● TASK STATEMENT
Repeat the whole listing below precisely. Omit all pictures.

● COLLECTED DATA
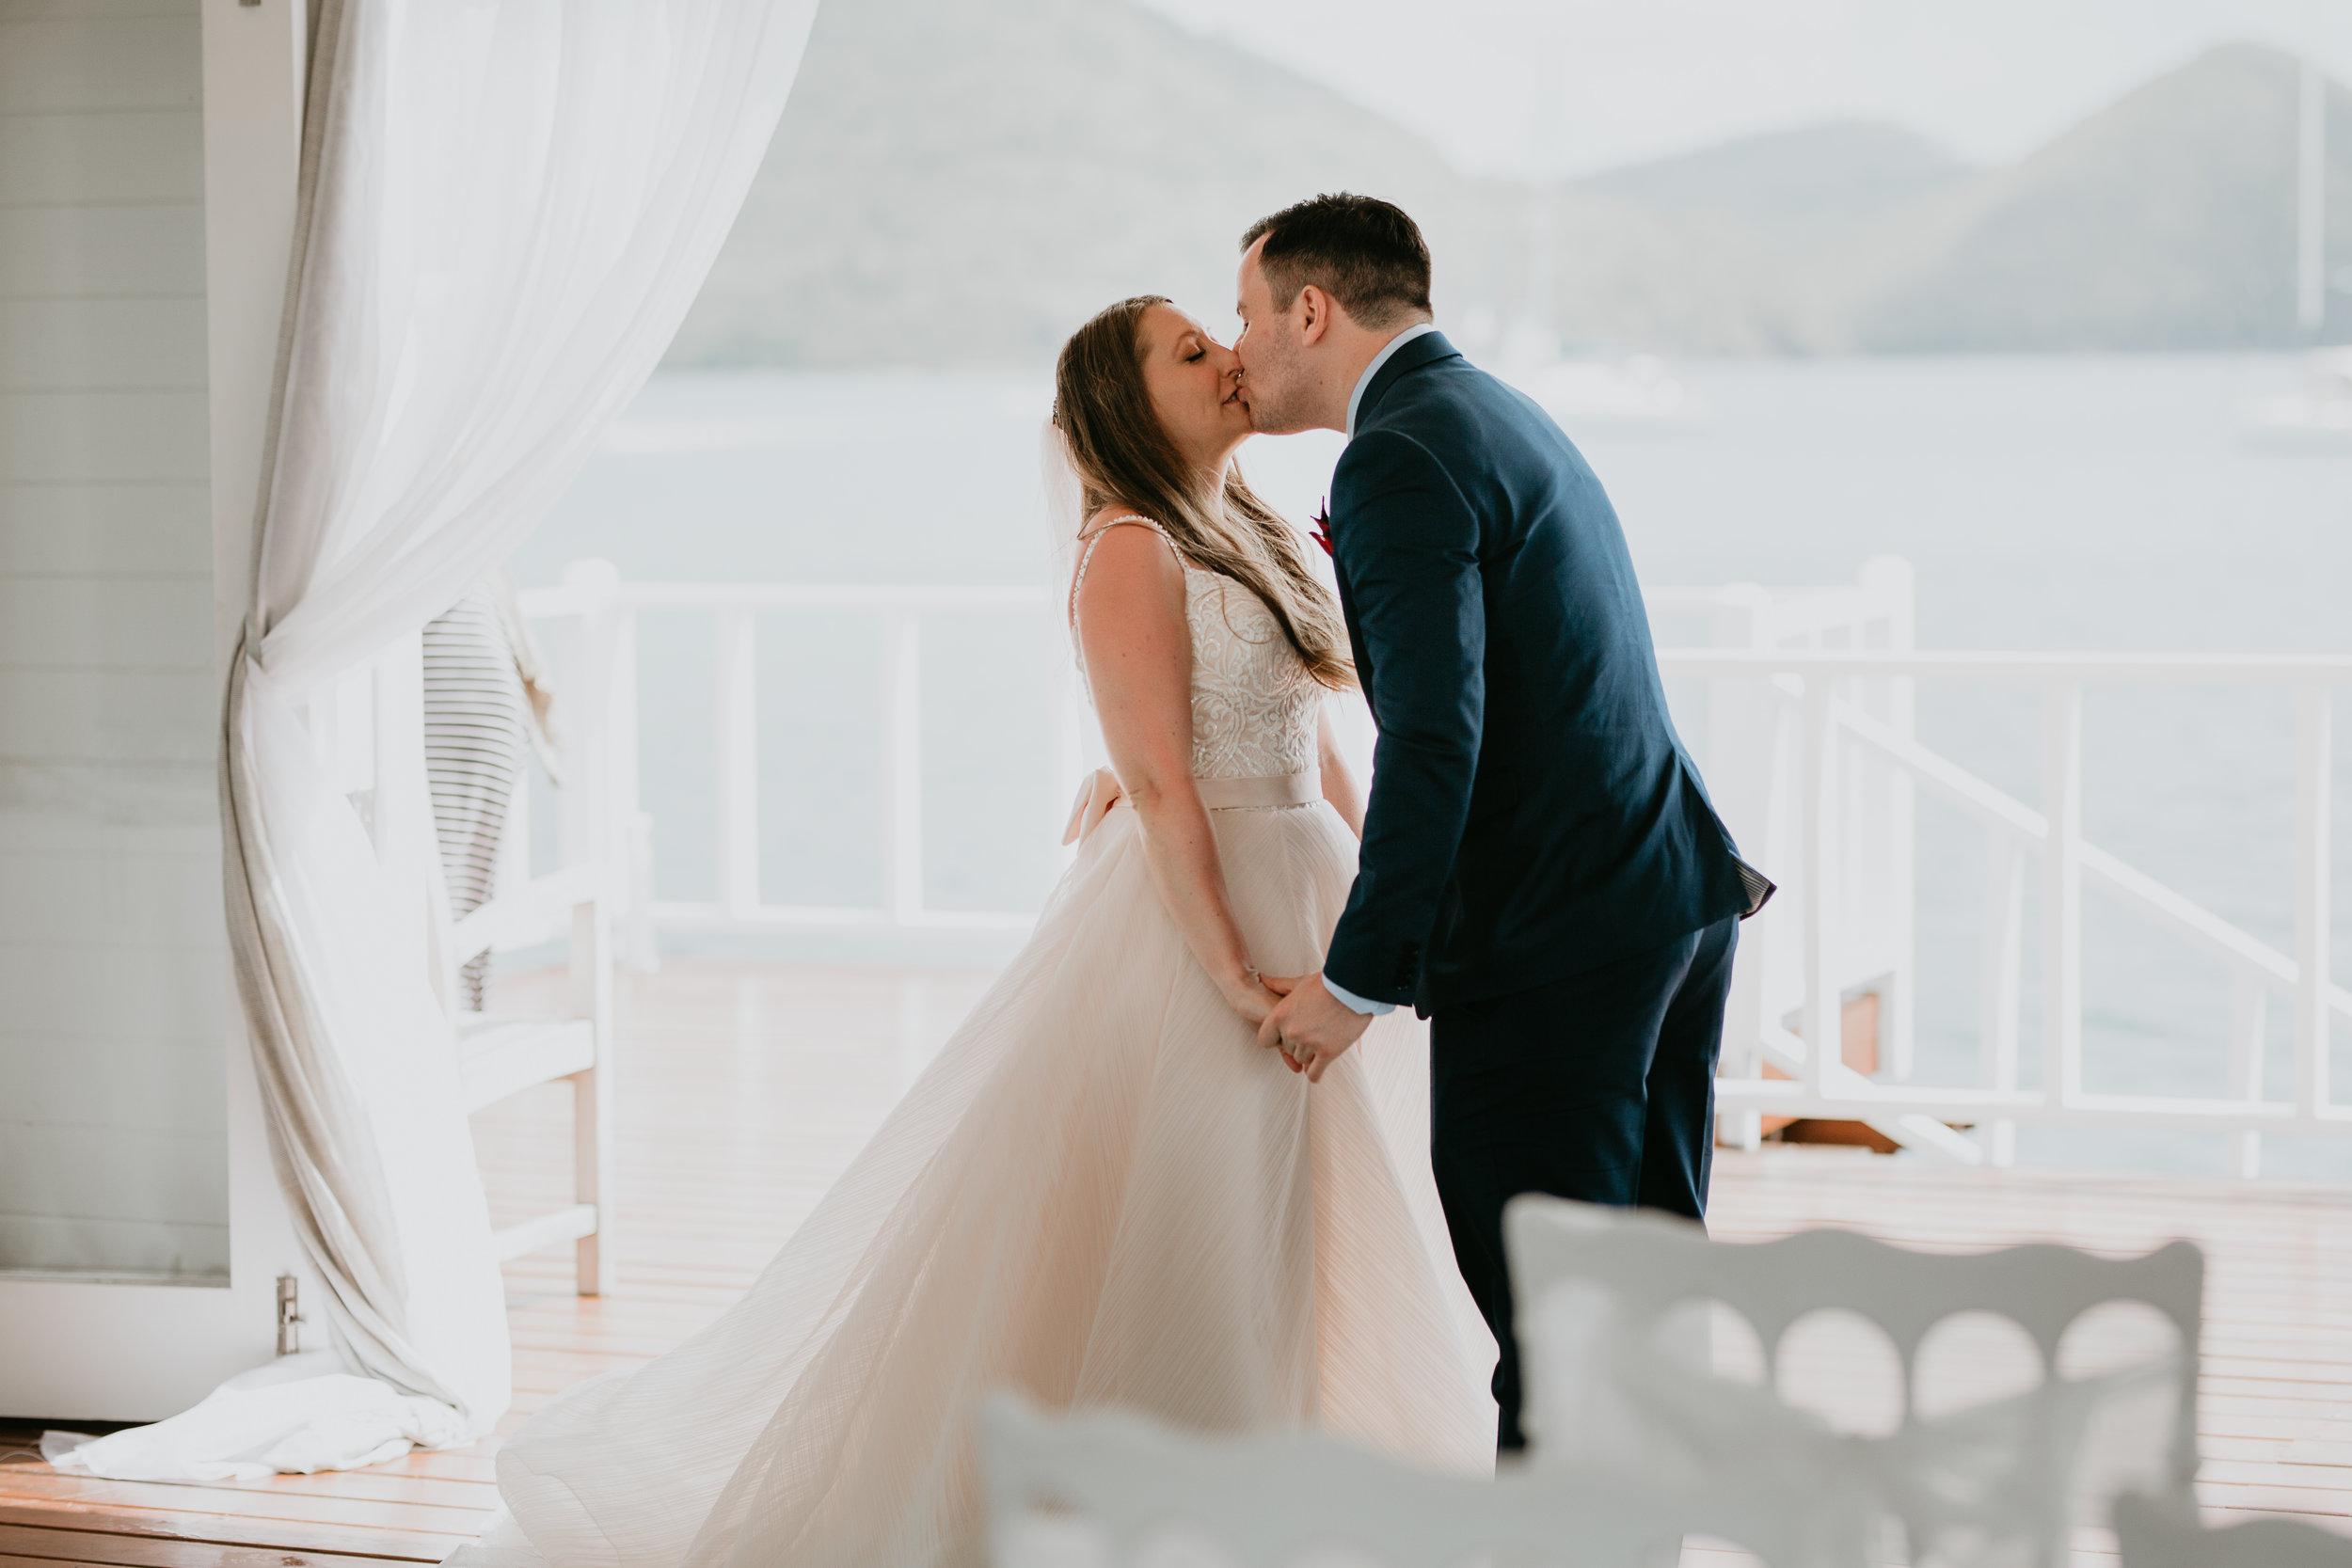 nicole-daacke-photography-destination-wedding-in-st-lucia-sandals-la-toc-intimate-island-wedding-carribean-elopement-photographer-chill-island-wedding-37.jpg
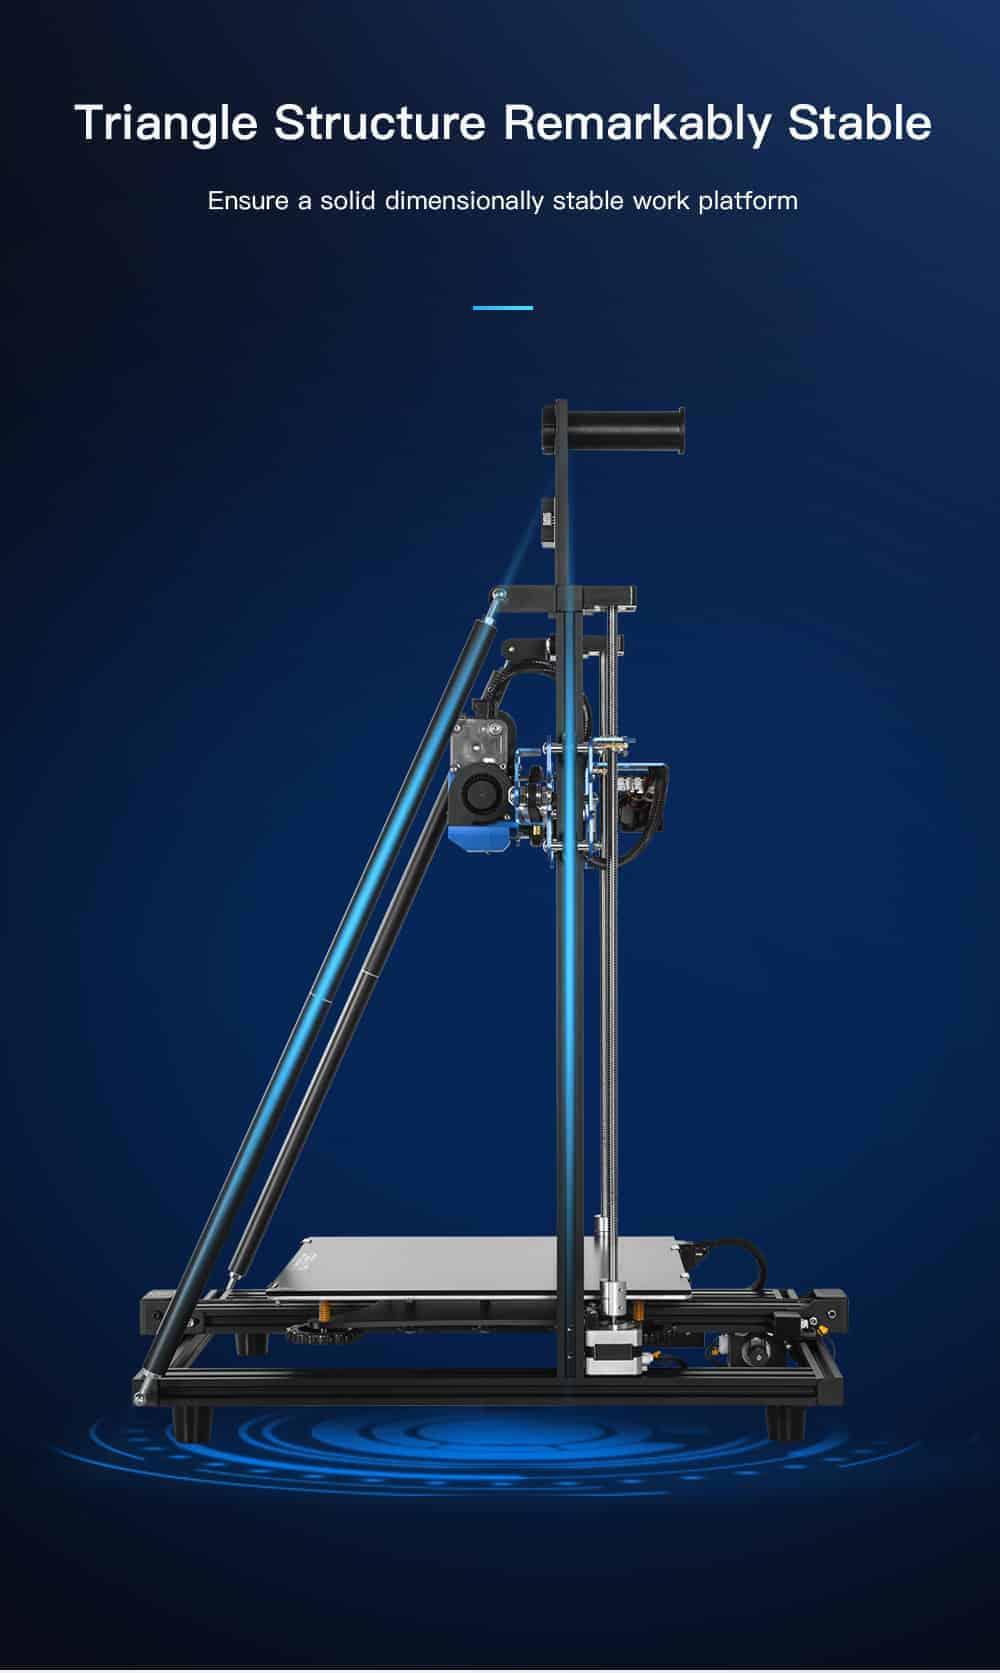 3Dprinteri - CR-10-v3_13
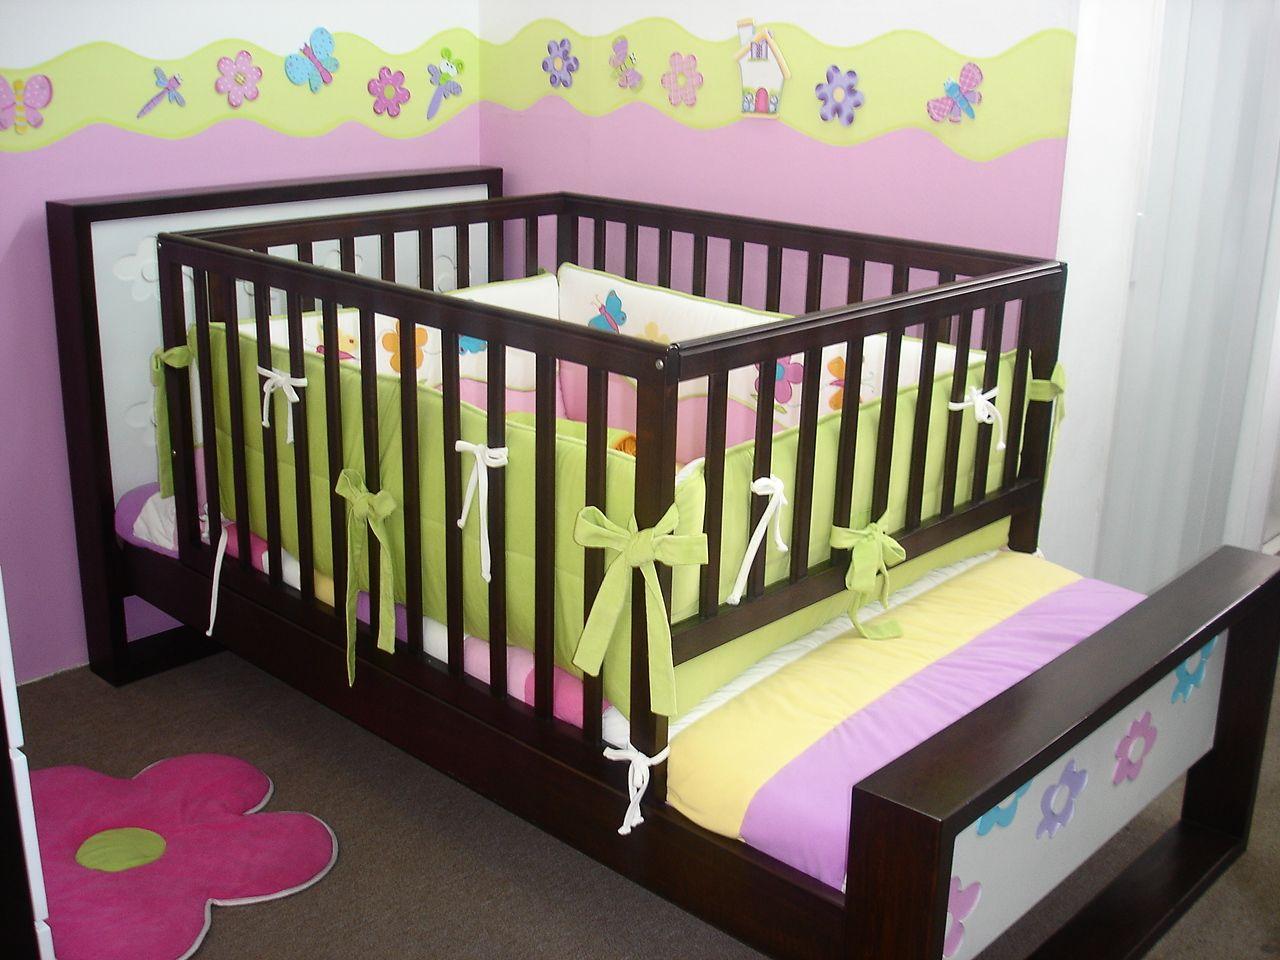 Corral para cama beb pinterest camas bebe y for Cama cuna para nina
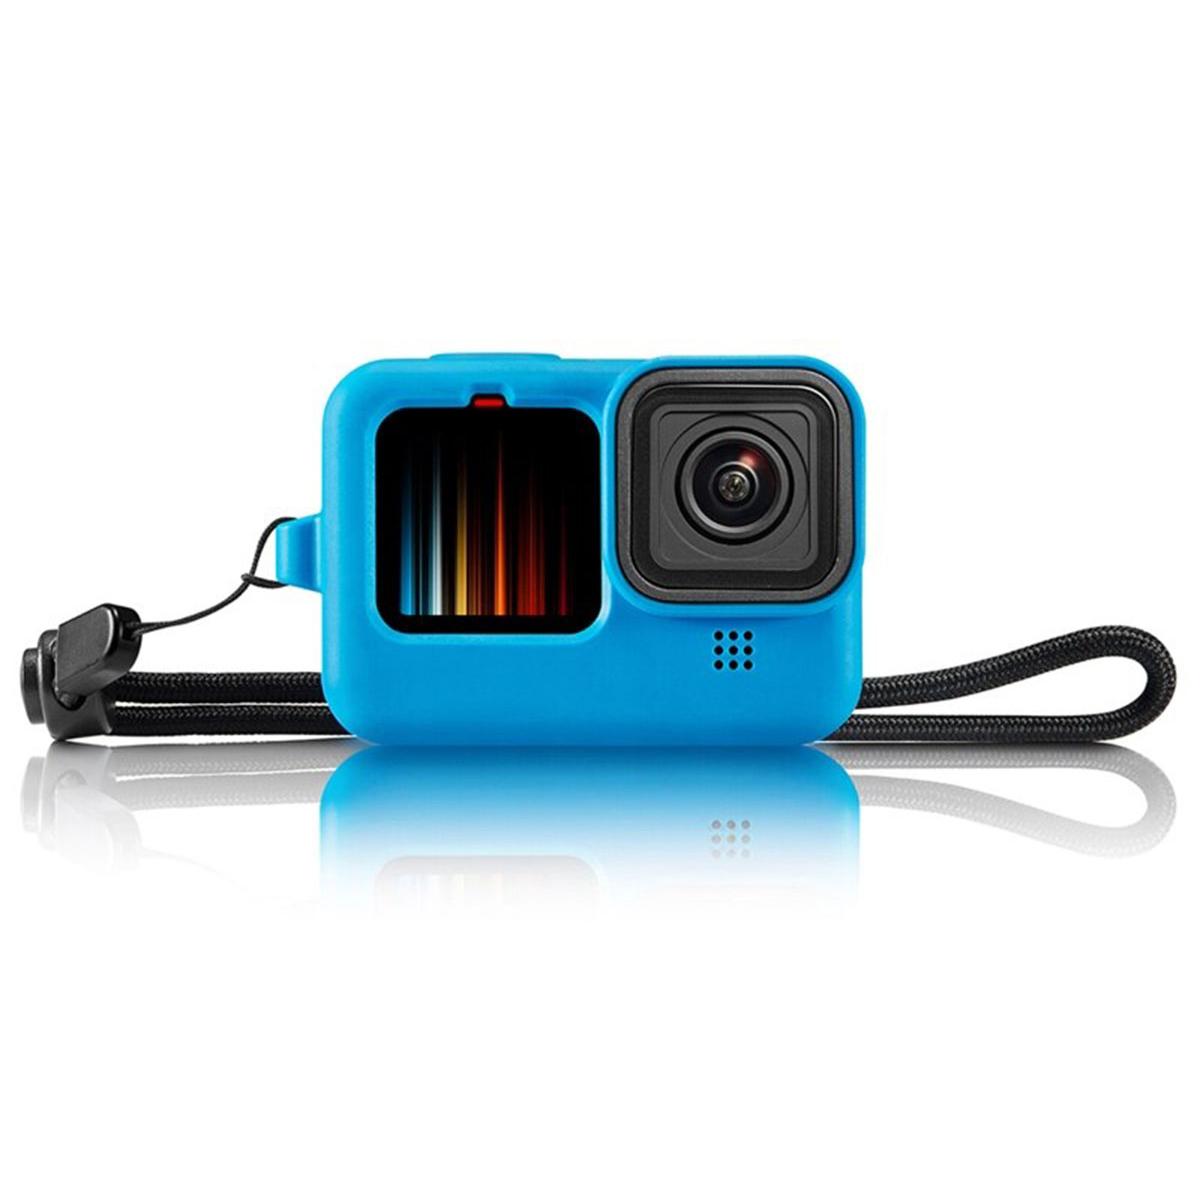 Kit Proteção - Caixa Estanque - Capa Silicone - Película Vidro para GoPro Hero9 e Hero10 - Shoot

● OUTPUT
 nicole-daacke-photography-destination-wedding-in-st-lucia-sandals-la-toc-intimate-island-wedding-carribean-elopement-photographer-chill-island-wedding-37.jpg
 3Dprinteri - CR-10-v3_13
 Corral para cama beb pinterest camas bebe y for Cama cuna para nina
 Kit Proteção - Caixa Estanque - Capa Silicone - Película Vidro para GoPro Hero9 e Hero10 - Shoot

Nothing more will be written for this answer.